**Assignment:**
Copy, word for word, the lines below from the one containing "Magnetic resonance image MRI of brain" up to and including the one containing "Стильное женское платьеРазмеры", with pictures left out.

**Data listing:**

━━━━━━

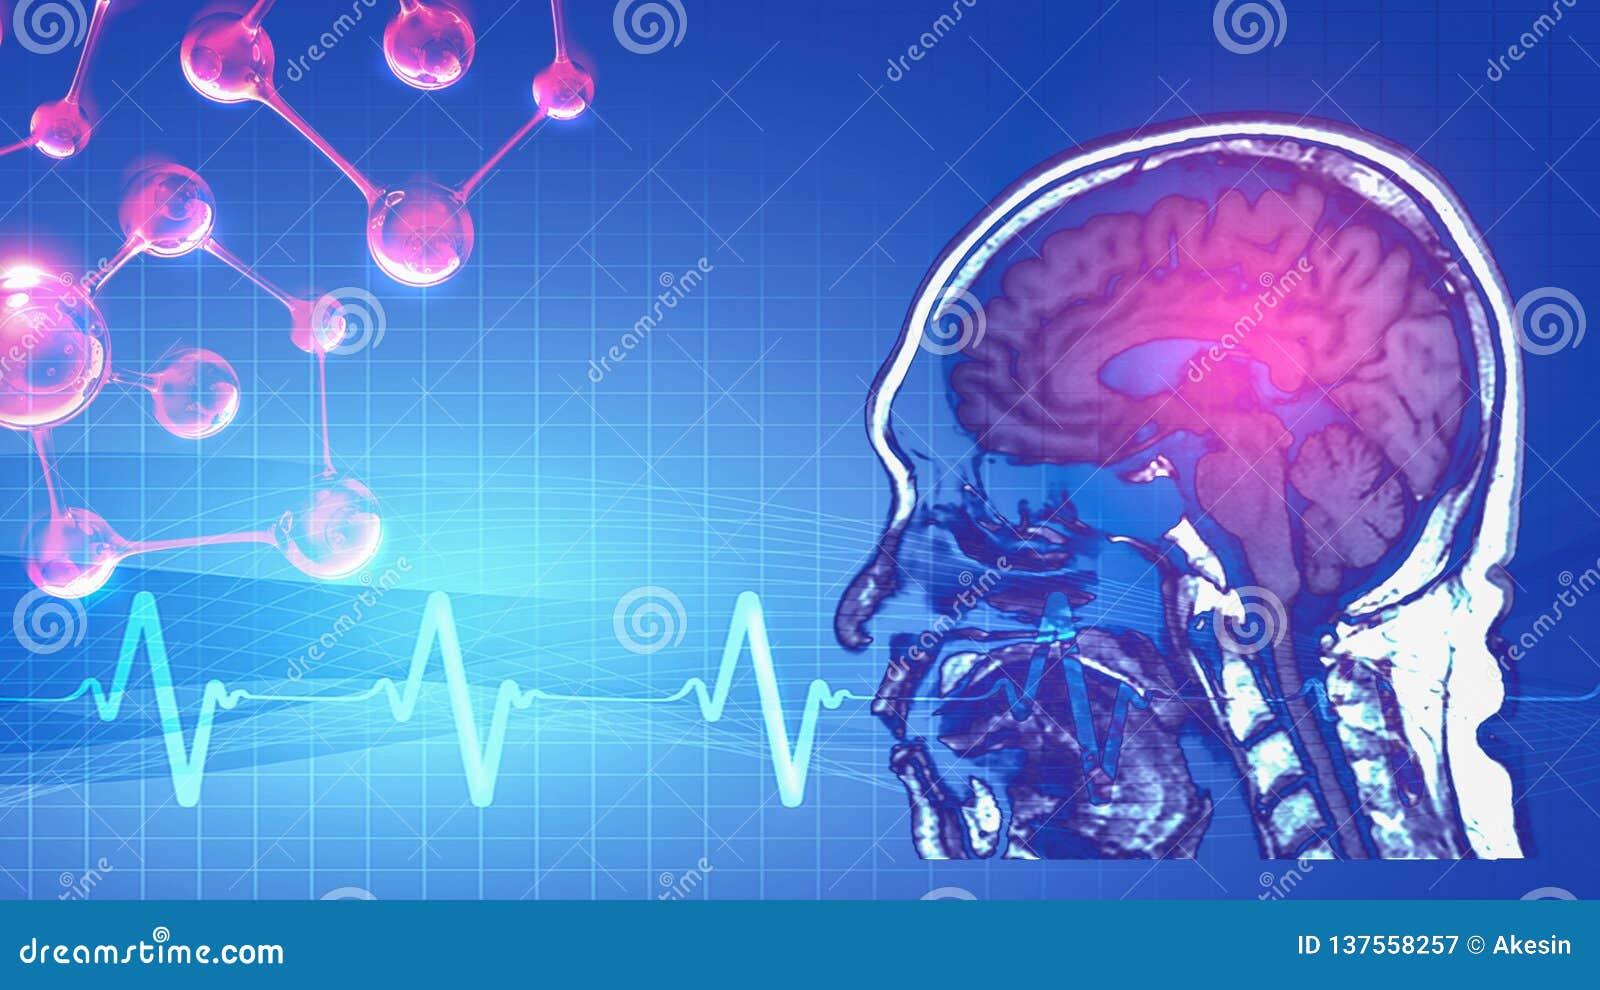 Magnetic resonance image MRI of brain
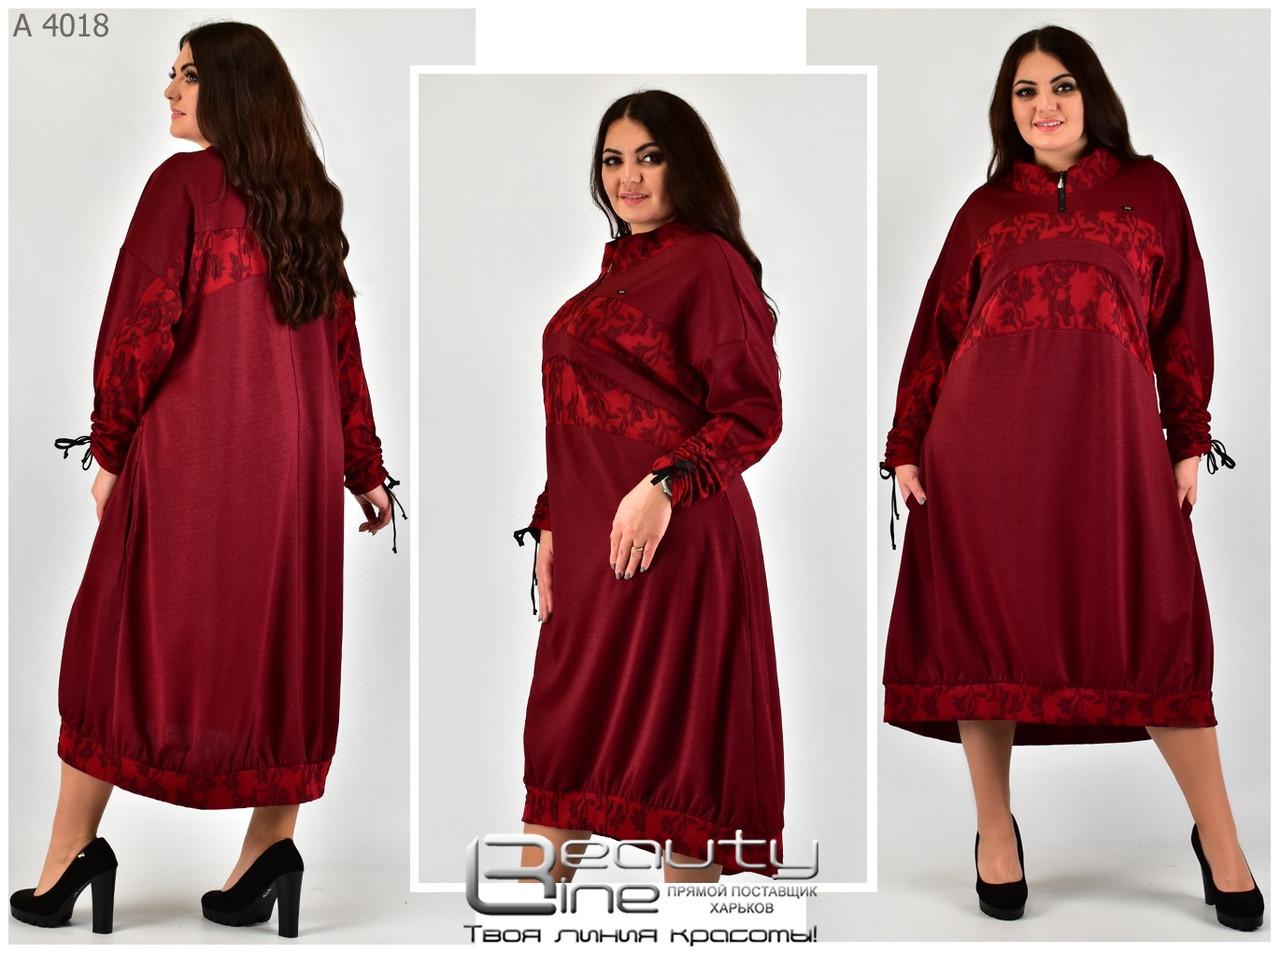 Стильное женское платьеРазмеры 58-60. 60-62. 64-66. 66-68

━━━━━━

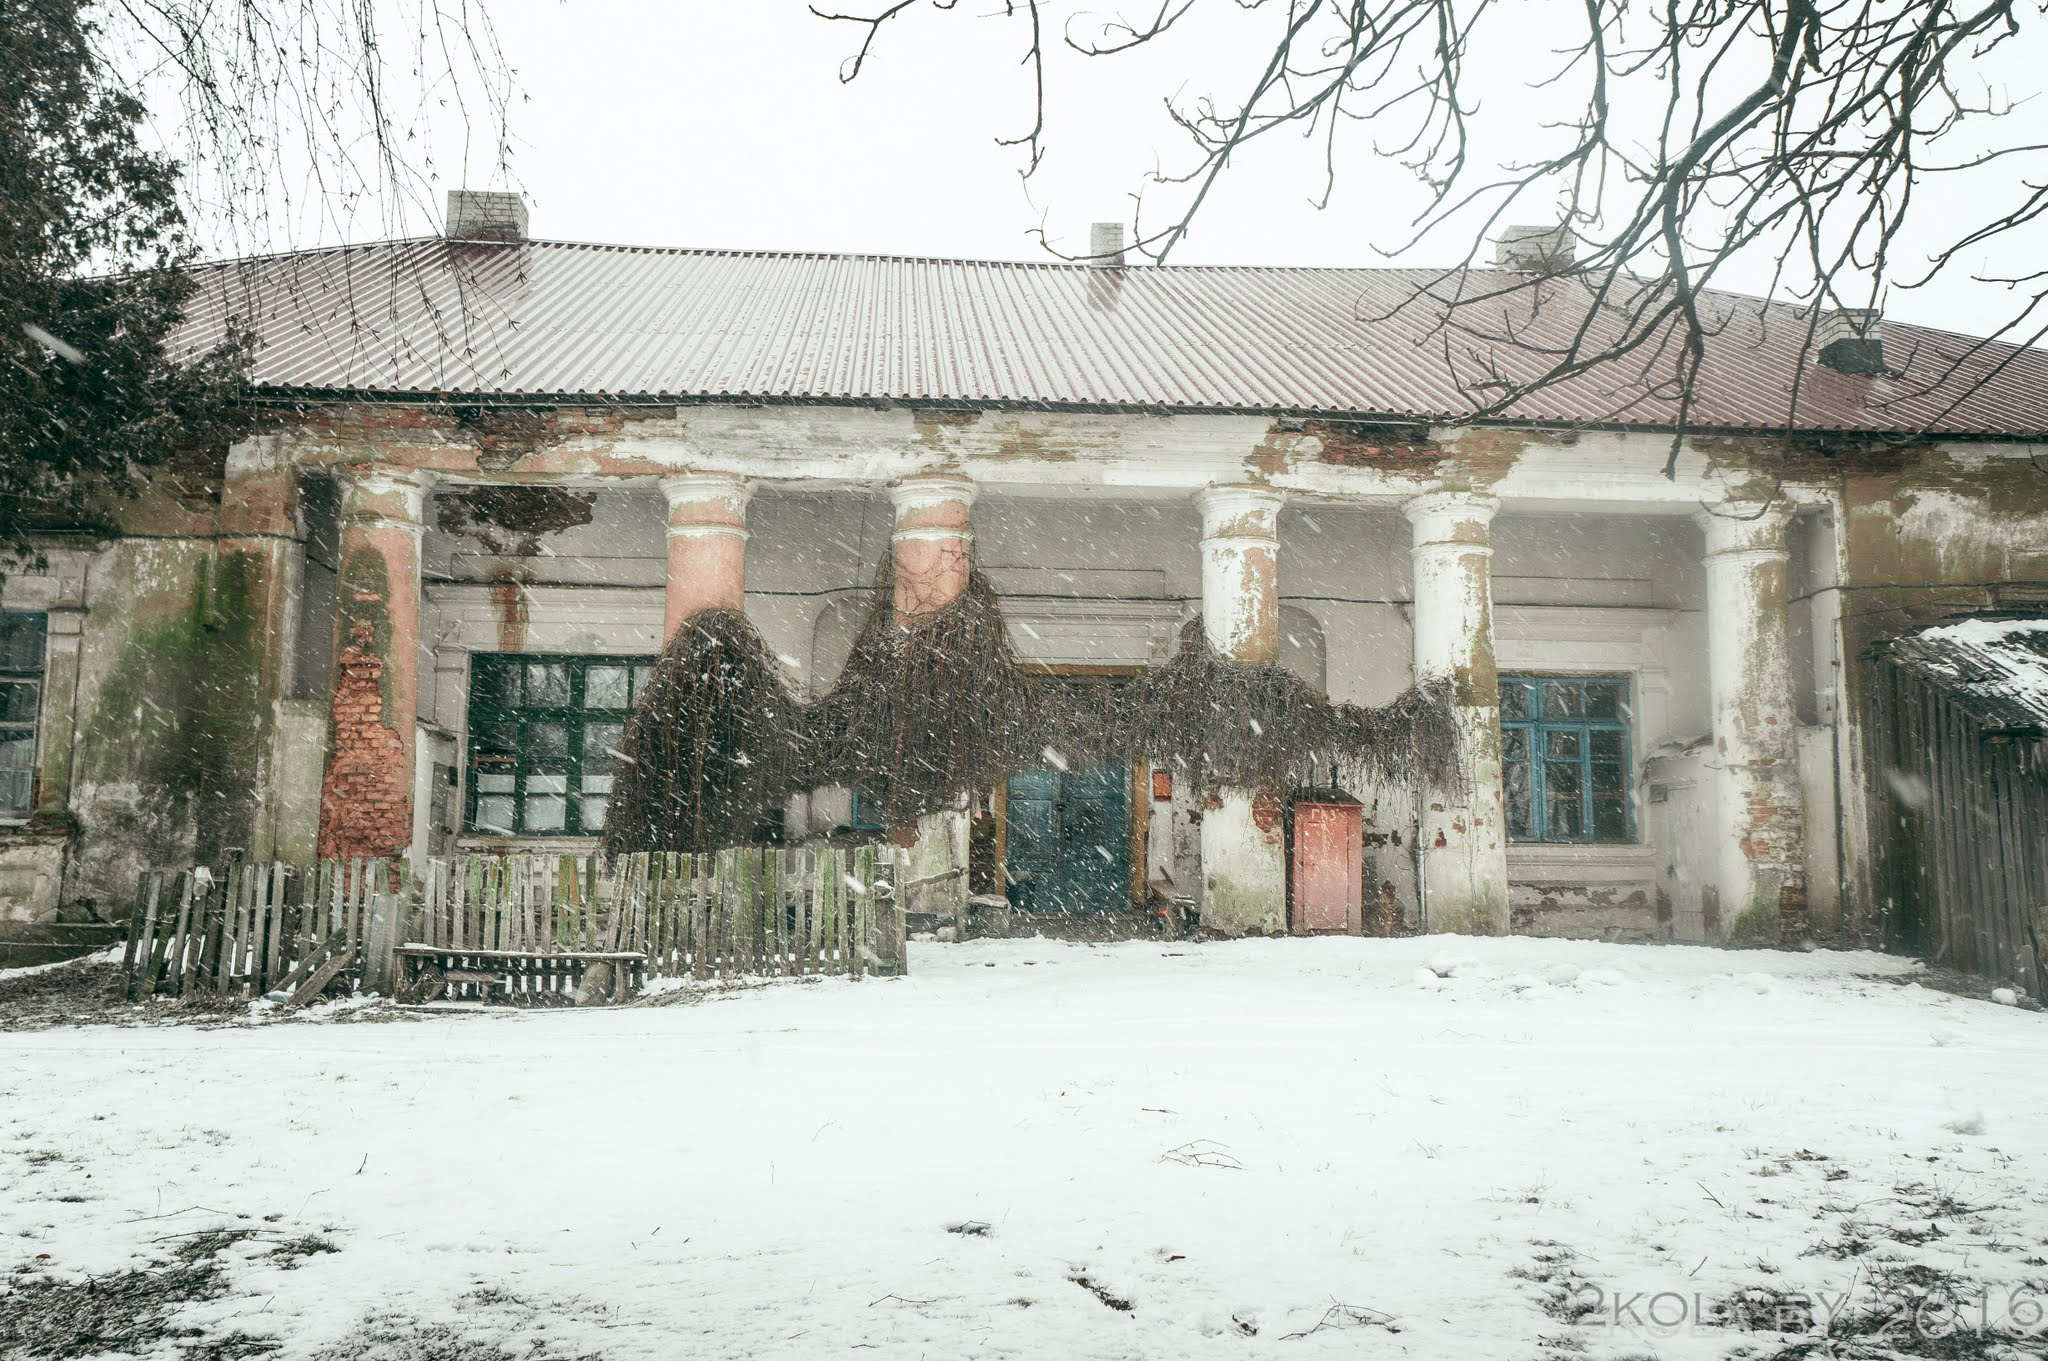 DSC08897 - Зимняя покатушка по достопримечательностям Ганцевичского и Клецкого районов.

━━━━━━

**Output for this task:**
 Magnetic resonance image MRI of brain
 Стильное женское платьеРазмеры 58-60. 60-62. 64-66. 66-68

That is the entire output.